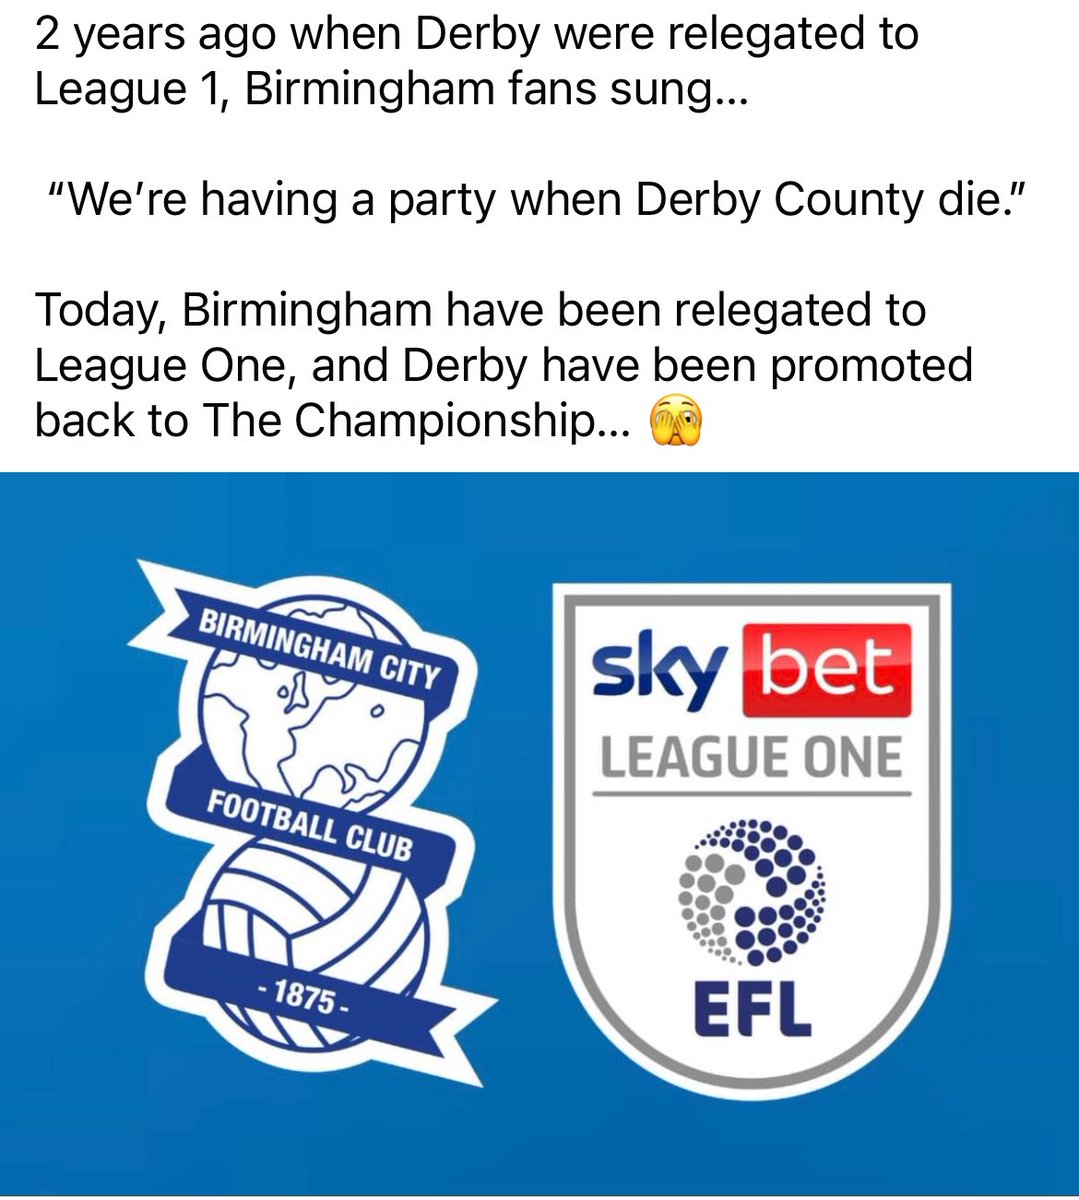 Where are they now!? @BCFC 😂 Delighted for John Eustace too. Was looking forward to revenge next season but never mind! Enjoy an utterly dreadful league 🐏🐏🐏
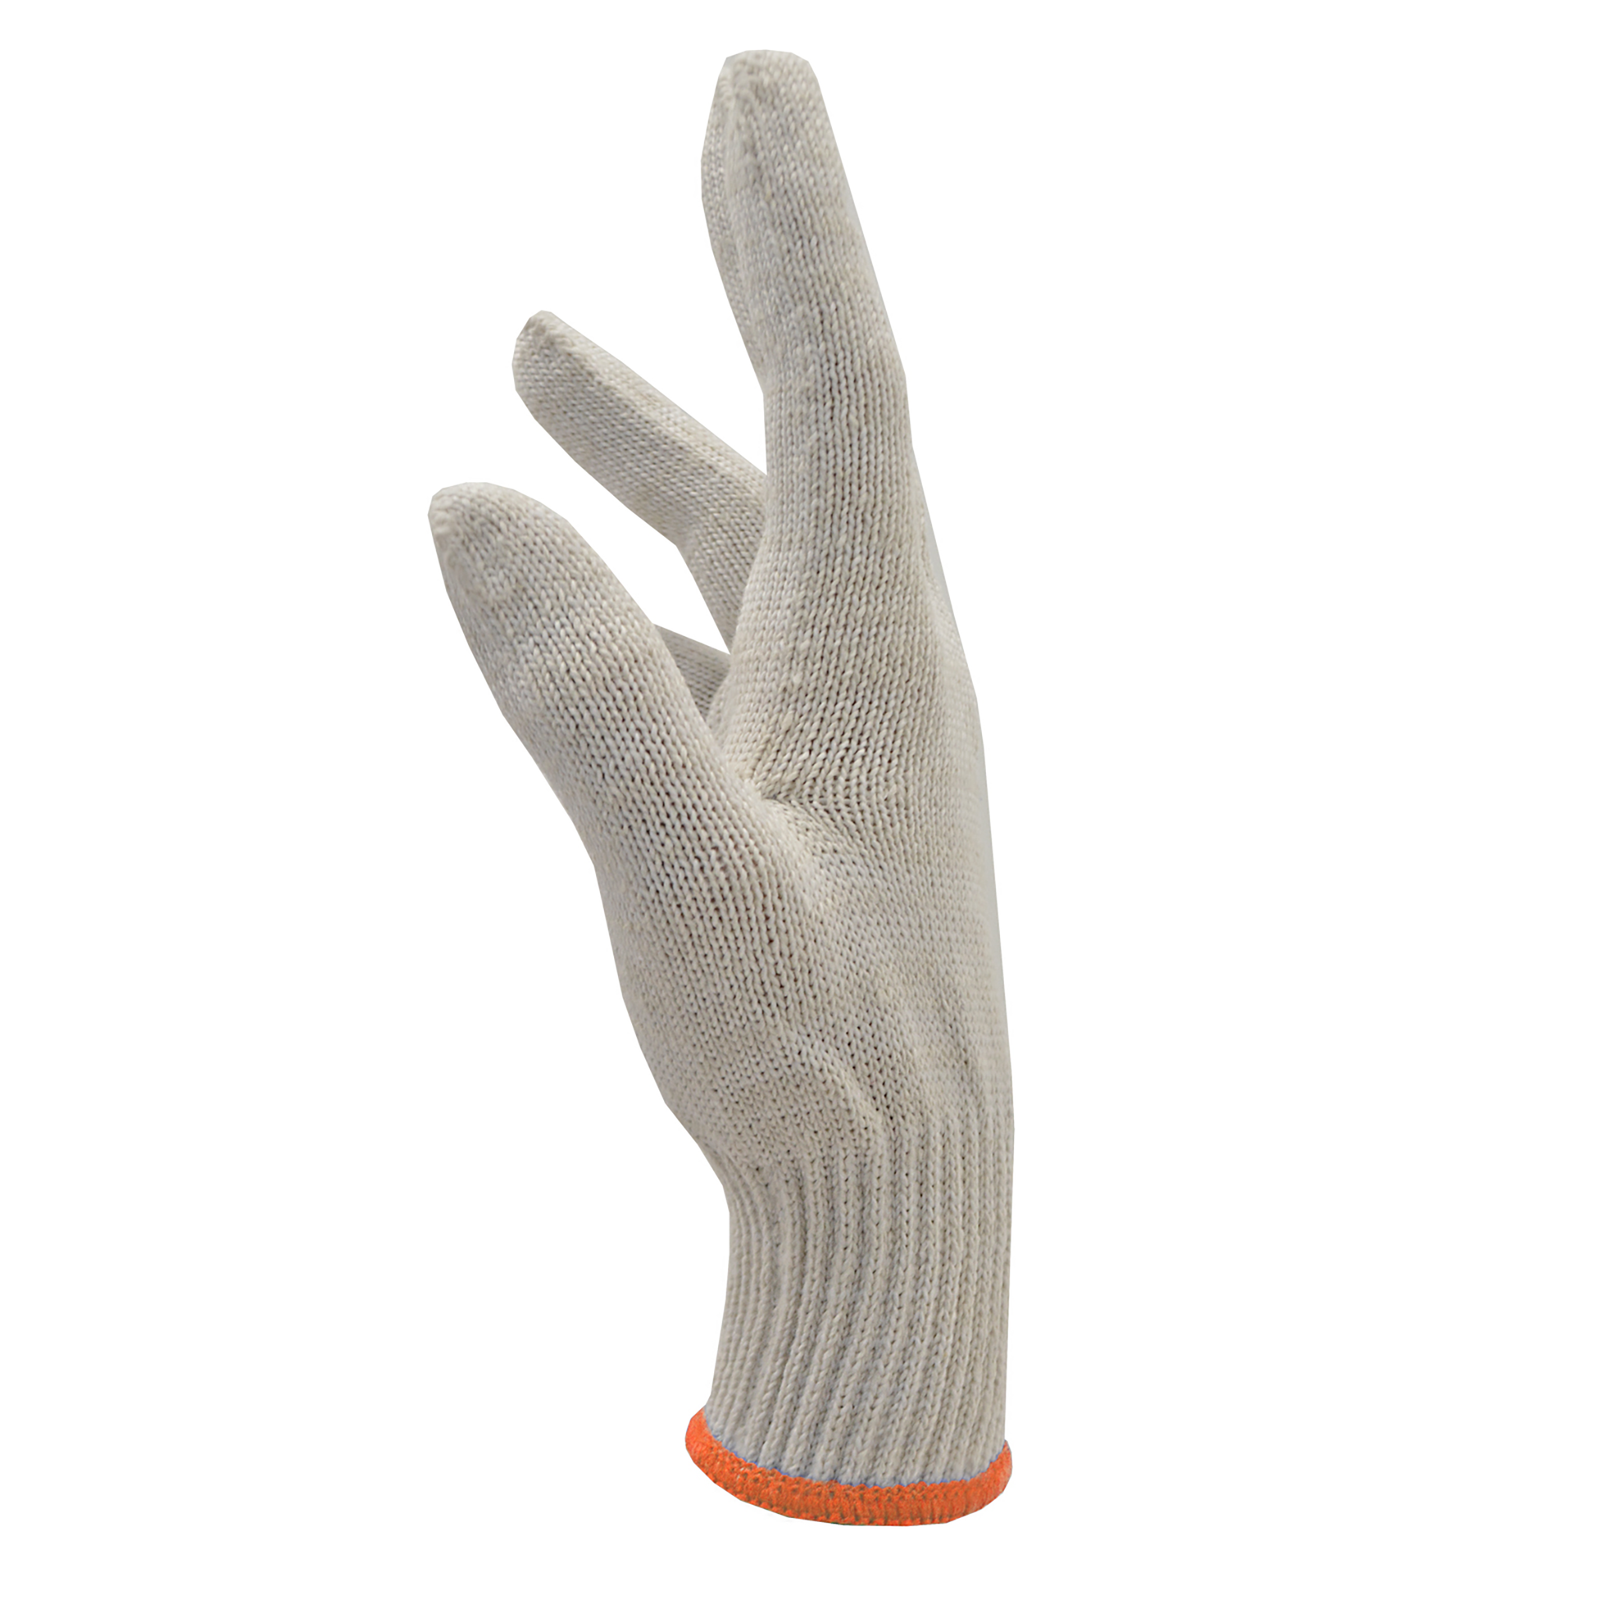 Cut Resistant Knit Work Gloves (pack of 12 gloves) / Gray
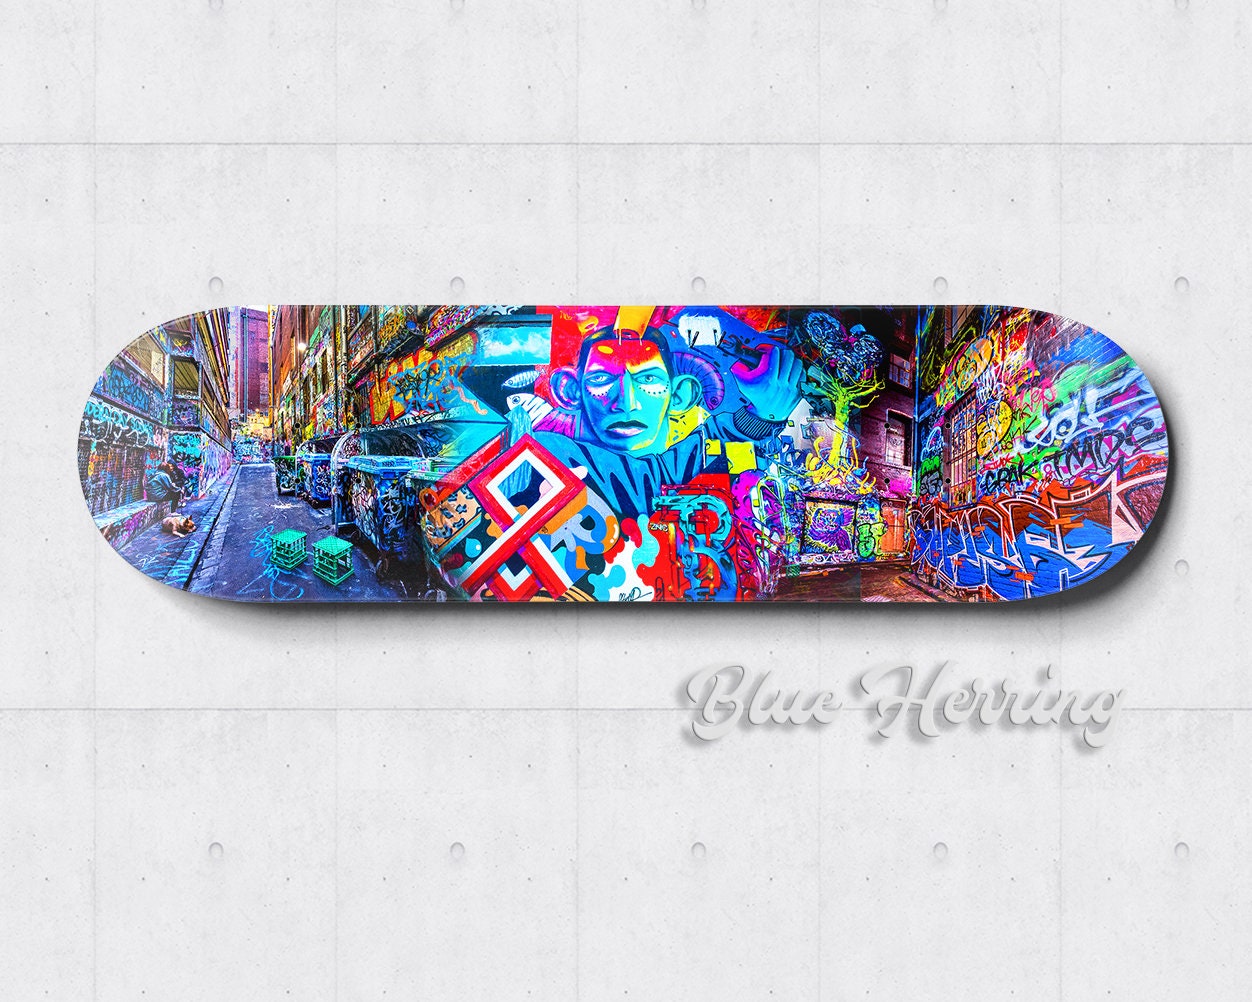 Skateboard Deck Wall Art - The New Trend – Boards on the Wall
--*--
* [TASK ITEM]
Give back every line of the material above word for word, leaving out the pictures.

* [RESPONSE AREA]
 Where are they now!? @BCFC 😂 Delighted for John Eustace too. Was looking forward to revenge next season but never mind! Enjoy an utterly dreadful league 🐏🐏🐏
 Cut Resistant Knit Work Gloves (pack of 12 gloves) / Gray
 Skateboard Deck Wall Art - The New Trend – Boards on the Wall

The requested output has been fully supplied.